Beliau merupakan salah satu sosok perempuan inspiratif di negara kita, perempuan luar biasa yang mendedikasikan diri untuk mengajar anak anak suku pedalaman sehingga terjadi kemajuan bagi Suku Jambi. Semangatnya untuk memajukan pendidikan di Indonesia terlihat nyata dalam usahanya mendirikan Sokola rimba.


       Berdiri sejak 2003, sokola rimba saat ini telah menginisiasi 17 program di seluruh Indonesia dan memberikan dampak positif kepada lebih dari 15.000 masyarakat adat dalam pendidikan formal,  Hal tersebut dibuktikan dengan upaya Sokola Rimba dalam memampukan masyarakat adat melawan pencuri kayu di Jambi, dan usaha Sokola Pesisir dalam mengedukasi masyarakat pesisir untuk melek kiat menghadapi pengebom ikan.

Sokola rimba berupaya hadir di komunitas adat yang dirugikan akibat buta huruf, terancam pranata sosial dan sumber daya alamnya oleh dunia luar, serta masyarakatnya masih menyayangi adatnya. Pada tahun 2016 Sokola Rimba telah berganti nama  menjadi Sokola  Institute.

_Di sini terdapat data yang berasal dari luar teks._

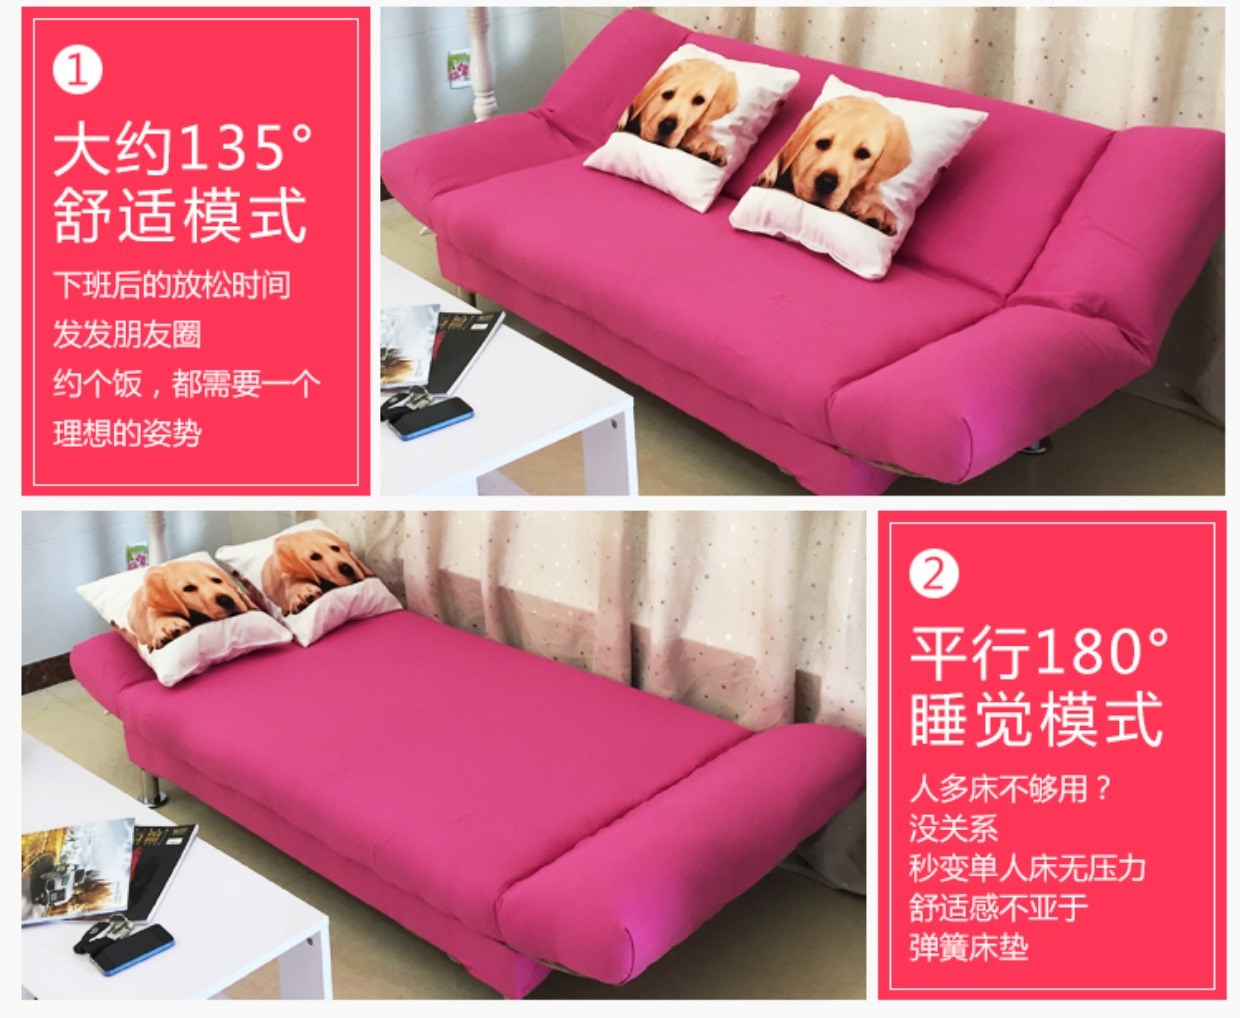 Giường sofa kết hợp, căn hộ nhỏ mini, chỗ nghỉ ngơi cho trẻ em, trải chiếu tatami, ban công đôi đơn giản, dễ gấp - Ghế sô pha

Berkat kegigihannya, Butet Manurung mendapat berbagai penghargaan seperti :

Man and Biosphere Award dari UNESCO pada tahun 2001

 •Heroes of Asia dari Majalah Time pada tahun 2004

Ashoka Fellow pada tahun 2006

 •Young Global Leader pada tahun 2009

Ernst and Young Indonesia Social Enterpreneur pada tahun 2012

• Nobel Asia Ramon Magsaysay Award pada tahun 2014 Serta

•Penghargaan Kebudayaan dari Kementerian Pendidikan  dan Kebudayaan pada tahun 2015.

 

“ketika kamu menginginkan sesuatu, seluruh alam semesta berkonspirasi untuk membantumu mencapainya,” -Butet Manurung

 

      Butet Manurung menunjukkan kepada kita sikap gigihnya dalam proses perjuangan. Saya memilih menulis tulisan ini agar memotivasi kita bahwasannya pengetahuan sangat penting bagi kita, beliau mengajar serta membagi ilmu pengetahuan-Nya untuk masyarakat suku jambi agar tidak mudah dibodohi. Mohon maaf bila ada kesalahan, saya tidak menyatakan hak kepemilikan karena tulissan ini saya ambil dari artikel artikel yang saya baca.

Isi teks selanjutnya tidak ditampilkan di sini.